Feds warn first responders of dangerous hacking tool: Google Search

by Sean Gallagher
You may already be dorking.

In a restricted intelligence document distributed to police, public safety, and security organizations in July, the Department of Homeland Security warned of a “malicious activity” that could expose secrets and security vulnerabilities in organizations’ information systems. The name of that activity: “Google dorking.”

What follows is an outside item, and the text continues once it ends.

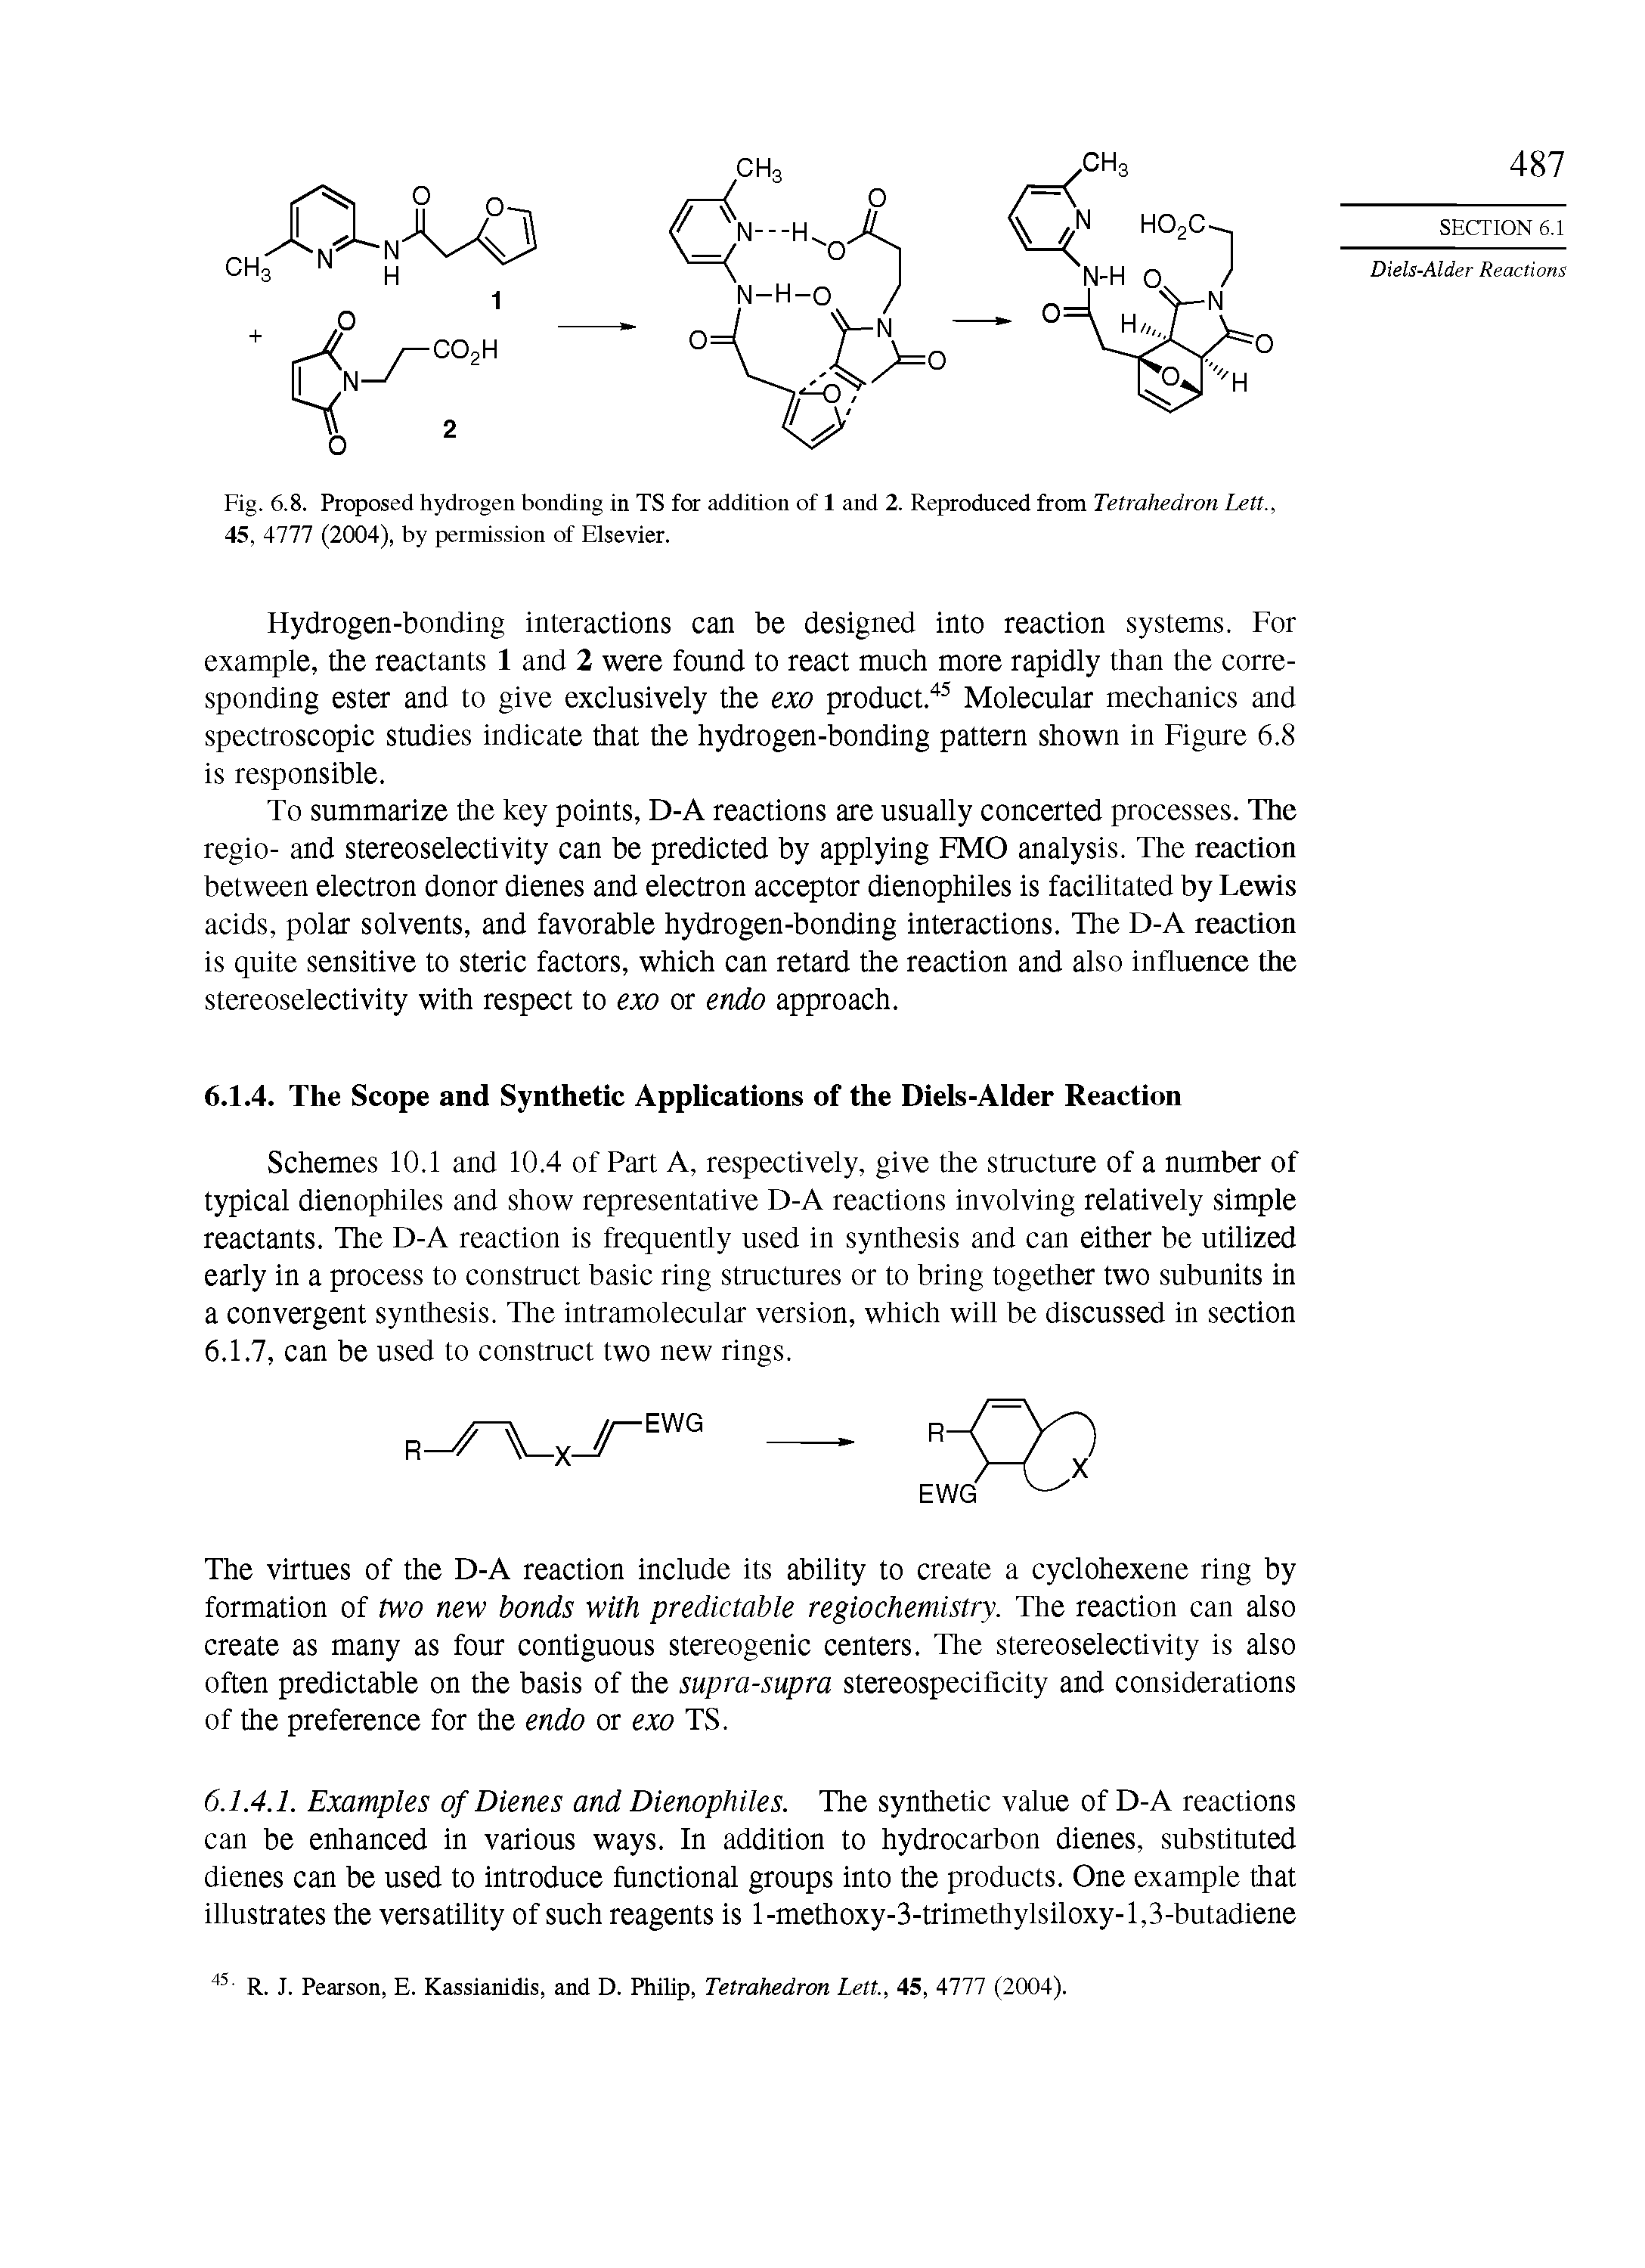 Schemes 10.1 and 10.4 of Part A, respectively, give the structure of a number of typical dienophiles and show representative D-A reactions involving relatively simple reactants. The D-A reaction is frequently used in synthesis and can either be utilized early in a process to construct basic ring structures or to bring together two subunits in a convergent synthesis. The intramolecular version, which will be discussed in section 6.1.7, can be used to construct two new rings.

“Malicious cyber actors are using advanced search techniques, referred to as ‘Google dorking,’ to locate information that organizations may not have intended to be discoverable by the public or to find website vulnerabilities for use in subsequent cyber attacks,” the for-official-use-only Roll Call Release warned. “By searching for specific file types and keywords, malicious cyber actors can locate information such as usernames and passwords, e-mail lists, sensitive documents, bank account details, and website vulnerabilities.”

That’s right, if you’re using advanced operators for search on Google, such as “site:arstechnica.com” or “filetype:xls,” you’re behaving like a “malicious cyber actor.” Some organizations will react to you accessing information they thought was hidden as if you were a cybercriminal, as reporters at Scripps found out last year. Those individuals were accused of “hacking” the website of free cellphone provider TerraCom after discovering sensitive customer data openly accessible from the Internet via a Google search and an “automated “ hacking tool: GNU’s Wget.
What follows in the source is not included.